Benjamin Weeks found guilty in 2017 Carbondale armed robbery |

Benjamin Weeks found guilty in 2017 Carbondale armed robbery

Benjamin Weeks

A jury found 20-year-old Benjamin Weeks guilty Thursday on all four felony counts in his aggravated robbery trial.

The jury deliberated for about five hours before returning guilty verdicts on two felony counts of aggravated robbery and two felony counts of menacing. The verdict came on the seventh day of the trial.

Weeks stood trial for the Feb. 16, 2017 robbery of the Carbondale Cowen Center at gunpoint, which he was accused of committing alongside his cousin Nicholas Ameral.

Ameral pleaded guilty in July and is serving a six-year prison sentence. So, the only real issue before the court now was whether Weeks was the second robber, Assistant District Attorney Ben Sollars said during closing arguments.

“All the evidence points to the defendant, all the evidence points to Nicholas Ameral, and that they were in this together,” Sollars said.

That included from the time when they took the money from the register, as they fled from the scene back to the house, when they secreted away the weapon and clothing connected to the crime, and when they led police on a manhunt in the mountains, Sollars said.

Among the evidence showing Weeks’s involvement, Sollars pointed to DNA found on the 9mm Glock and clothes connected to the crime. Testing of the weapon found Weeks’s DNA on a magazine inside the gun and on a second magazine.

“It is not a matter of coincidence,” Sollars said. “It is a matter of fact corroborated by physical evidence.”

And, though Ameral testified that the robbery was an unplanned crime committed while he was too intoxicated to remember the details, Sollars argued that the store’s video footage shows something different.

Sollars said that this was not a drunk, passed out, “I don’t know what I’m doing” crime, but one that required calculation, awareness and planning.

Prosecutors also reiterated the past statements by Ameral and Alicia Jackson, who is Weeks’ aunt and Ameral’s mother.

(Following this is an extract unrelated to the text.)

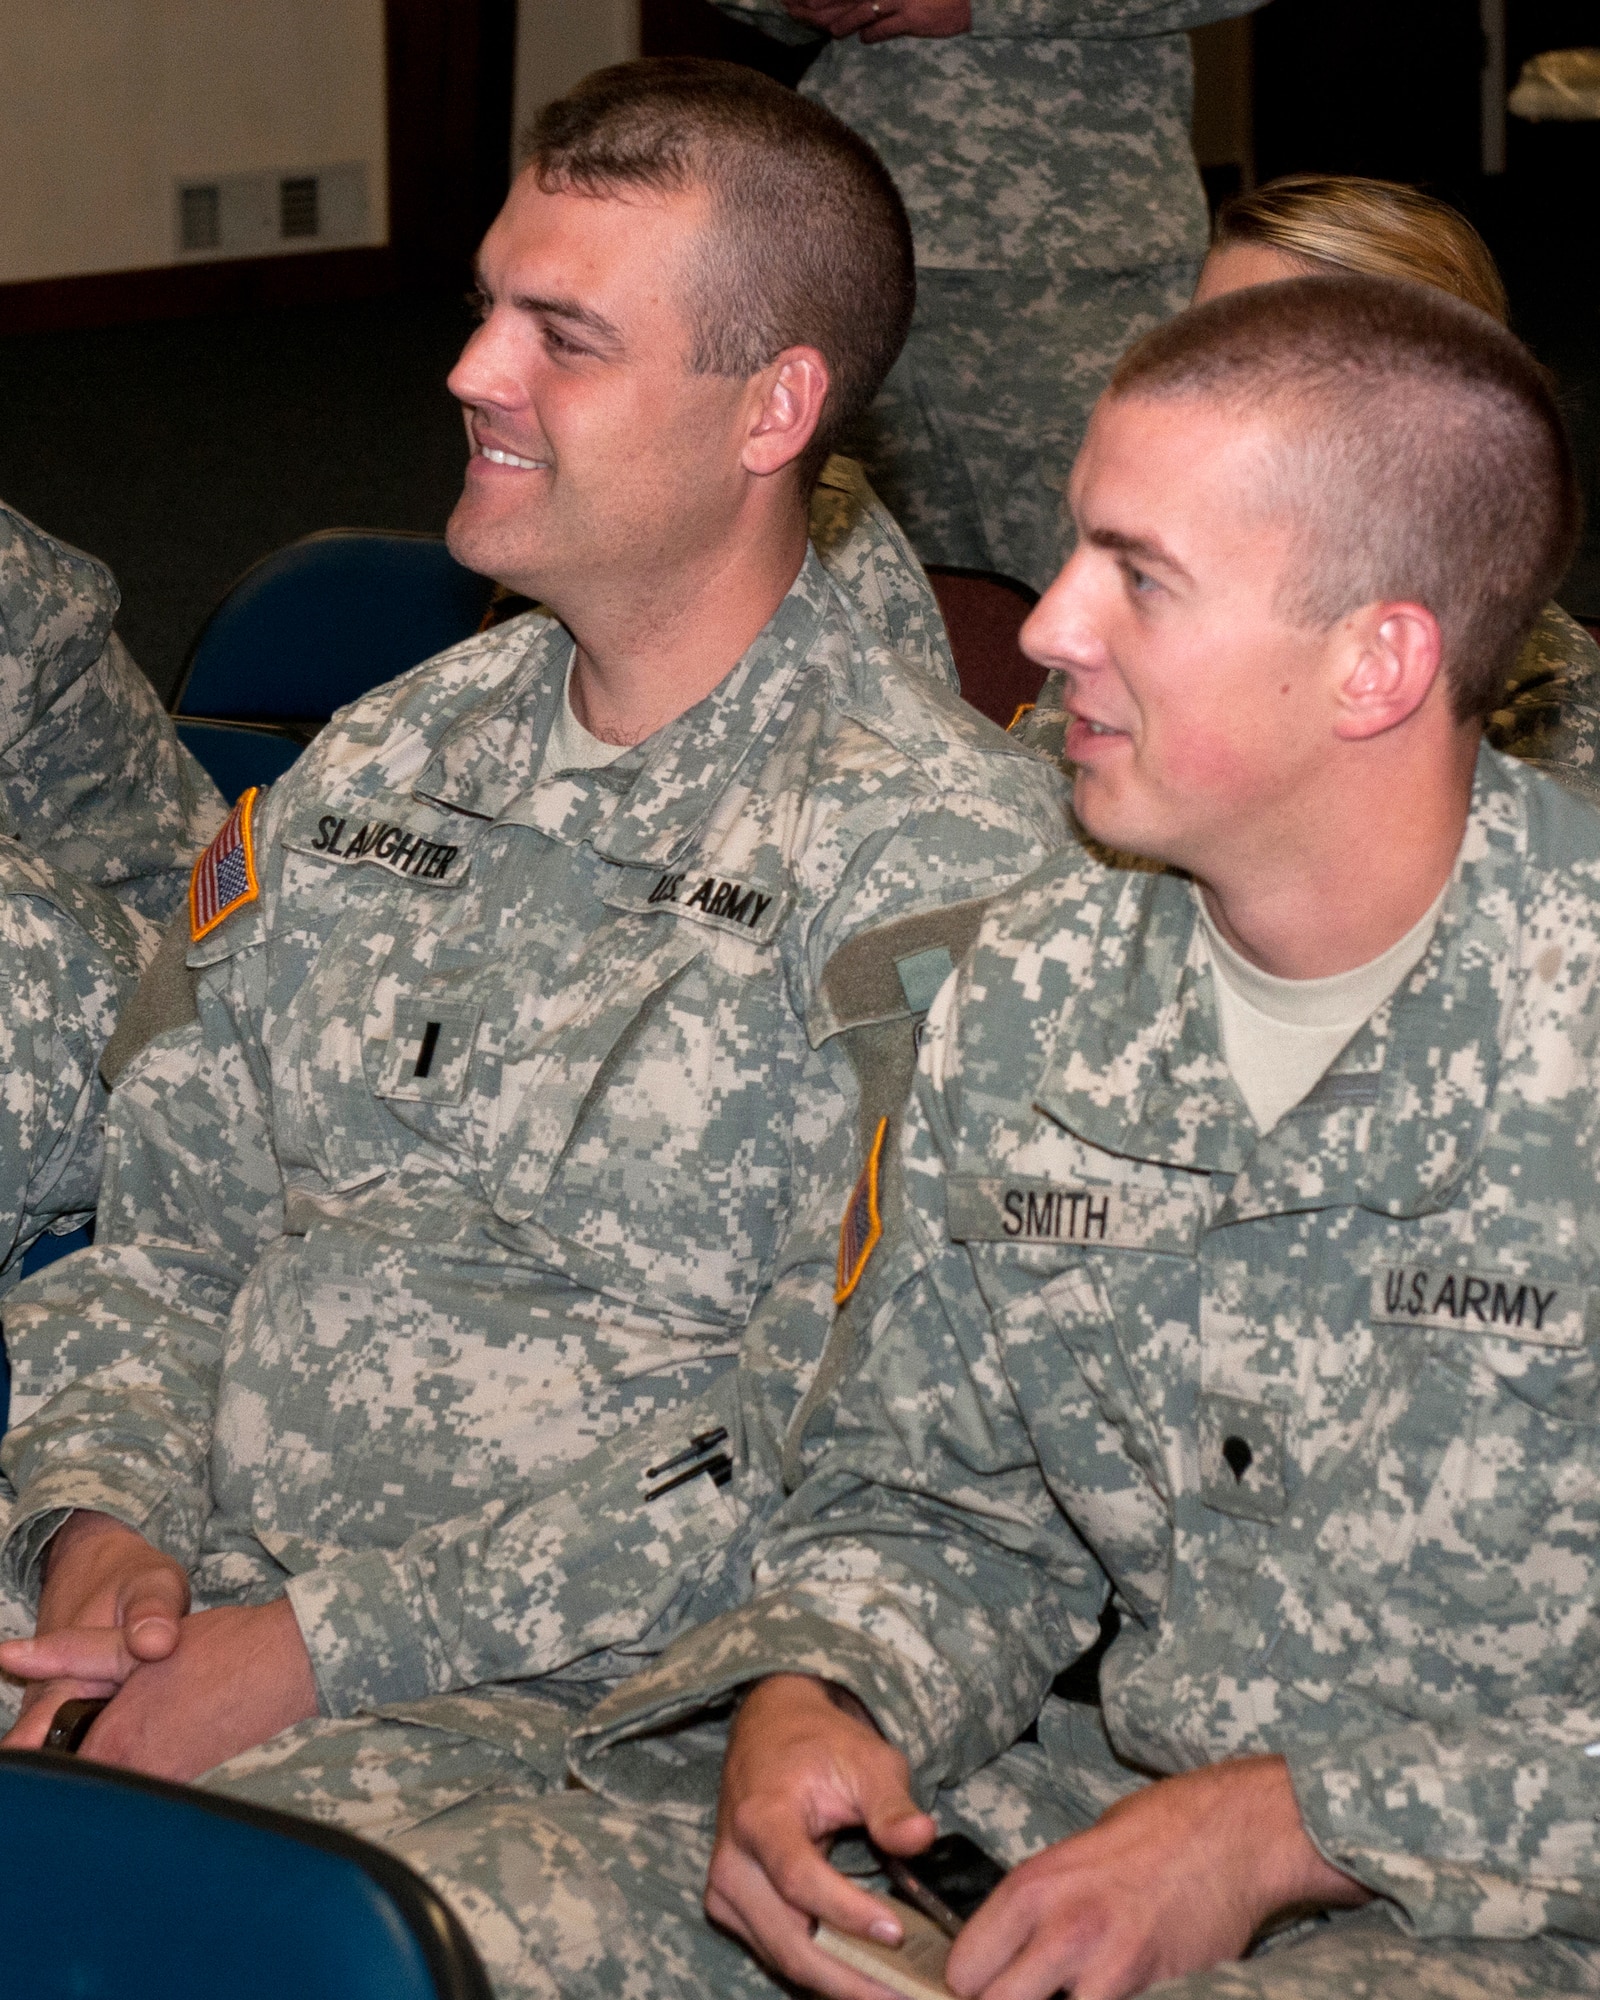 1st Lt. Mark Slaughter, a Kentucky Army National Guard chaplain candidate and Yellow Ribbon coordinator for the Louisville region, and Spc. Nathan Smith, a chaplain assistant for the 2/138th Headquarters Battalion, share a smile during the annual Joint Chaplaincy Corps Training Conference held at the Kentucky Air National Guard Base on Oct. 15. The corps uses the conference to prepare for upcoming events, new programs and policy changes such as the recent repeal of Don't Ask, Don't Tell.  (U.S. Air Force photo by Tech Sgt. Jason Ketterer)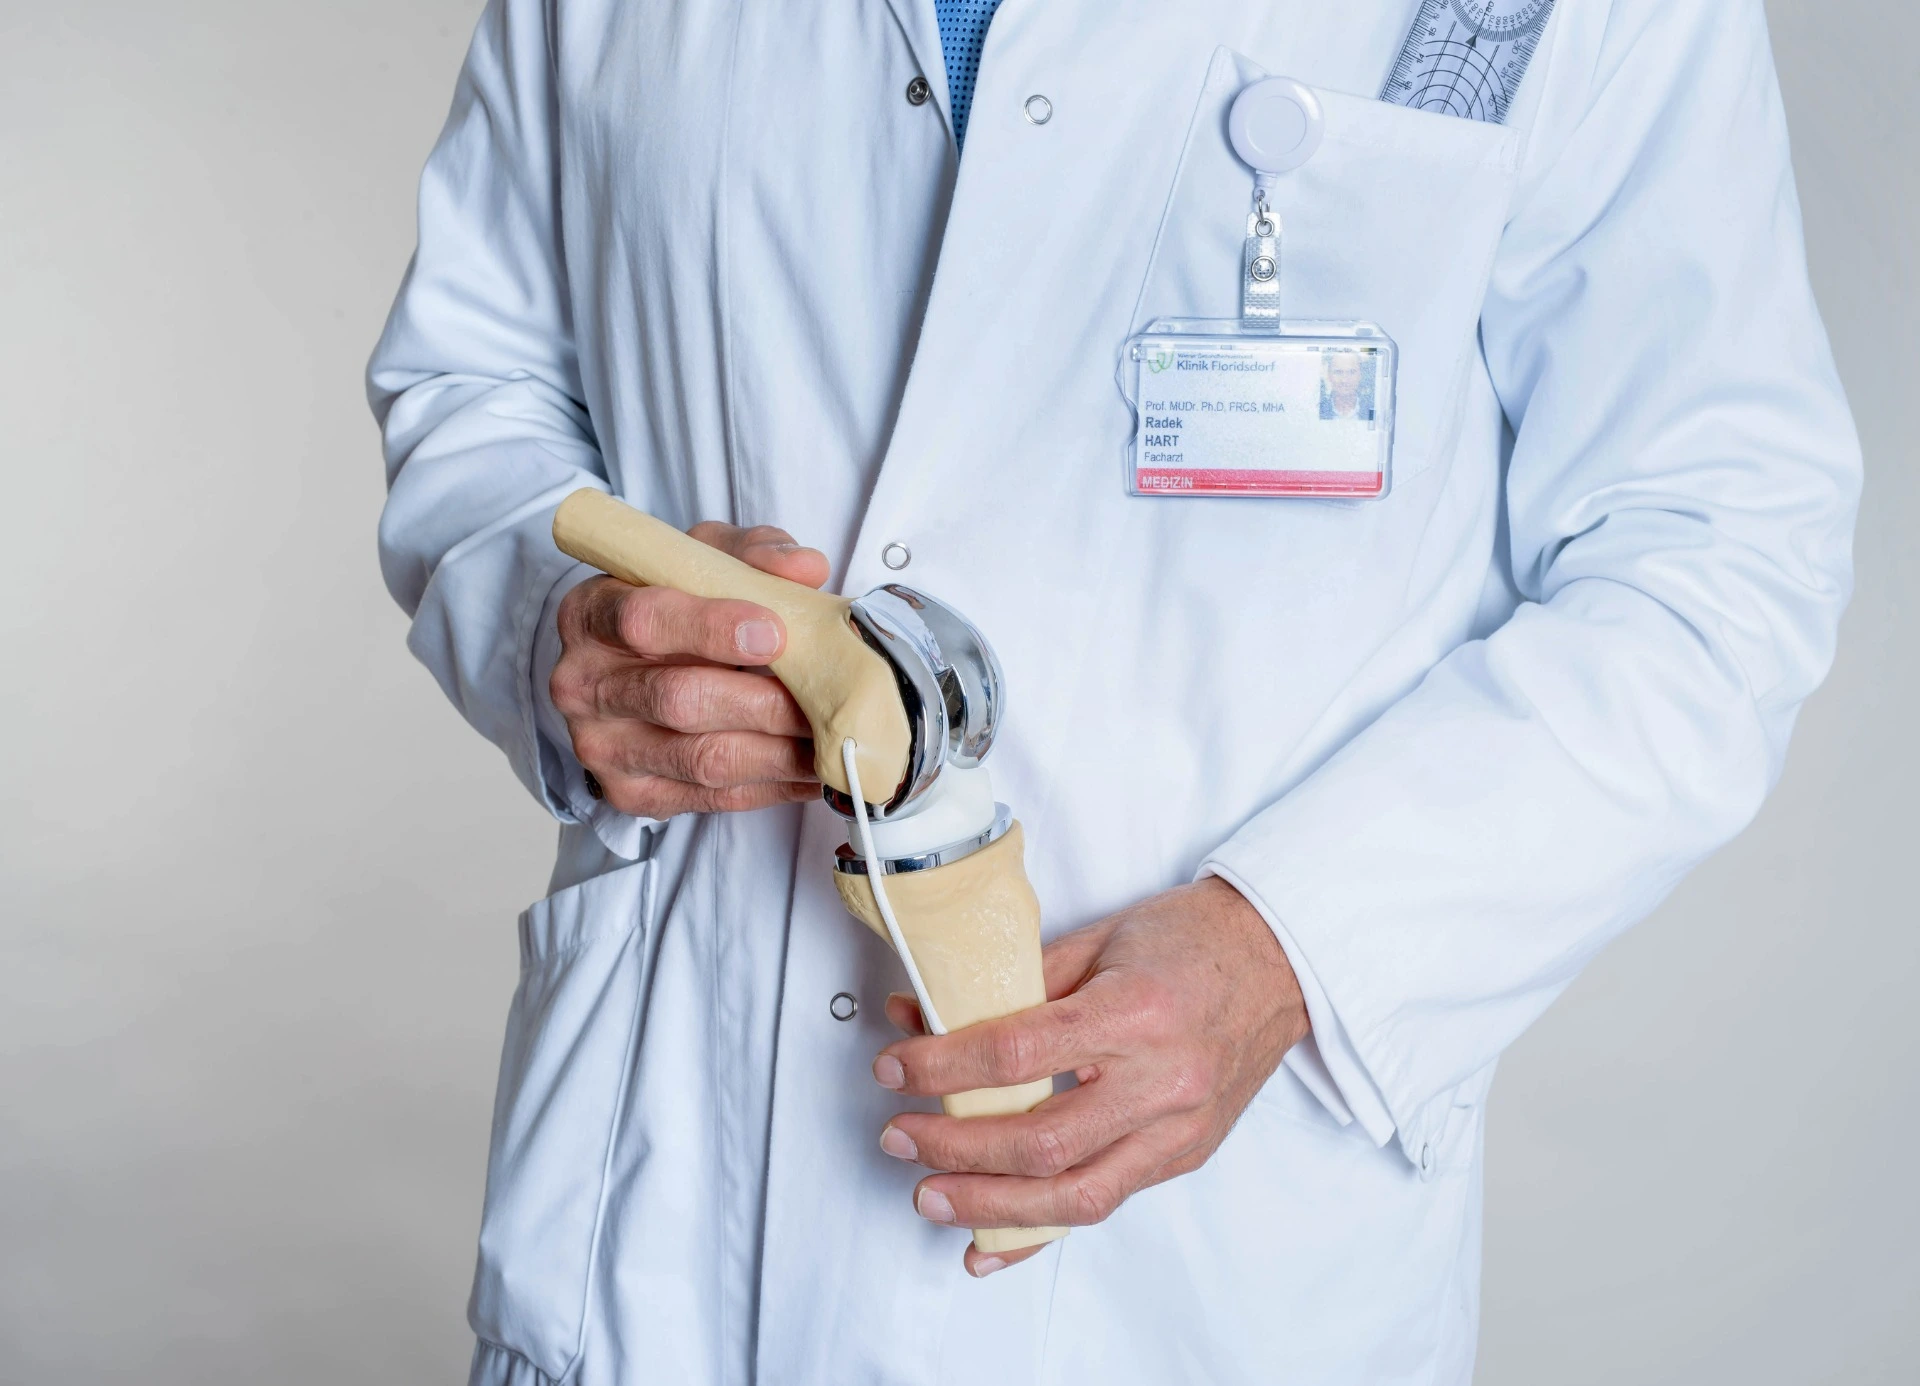 A doctor holds an artificial knee joint in his hand.

Investigators say that both made statements implicating Weeks as the second robber, though those statements proved more difficult to elicit on the stand.

Police reports showed Jackson reporting that, when she confronted Weeks about the robbery over the phone, he responded, “I guess I (expletive) up again.” And investigators say that Ameral eventually implicated his cousin as his accomplice, though while testifying Ameral said he couldn’t remember that conversation with police.

Defense attorney Chip McCrory asserted that prosecutors had not proven beyond a reasonable doubt that Weeks was the second robber at the Cowen Center.

The prosecution has no direct evidence in this case, but has relied on circumstantial evidence, most of which was based on evidence against Ameral, with no direct link to Weeks, McCrory said. He also said that investigators did not put enough effort into investigating other possible suspects, such as one of Ameral’s brothers.

On the two magazines, three people’s DNA were found on each, but Weeks’ was deemed the dominant one, Deputy District Attorney Zac Parsons said.

McCrory called into question Ameral’s and Jackson’s credibility. Though Ameral implicated his cousin in an early interview with police, he has since denied that Weeks was involved in the robbery. All of the attorneys have acknowledged how Ameral’s stories about the robbery have shifted over time.

But the DNA expert was very cautious about how easy it was to transfer DNA, McCrory said. The defense attorney criticized police handling of evidence at Jackson’s home, saying that DNA could have been transferred when an officer failed to replace his gloves.

Ultimately this case is about common sense, Parsons said, and about those 48 seconds in the Valero, and the fear and violence the two victims had to experience.

Weeks’ sentencing hearing is scheduled for Feb. 13.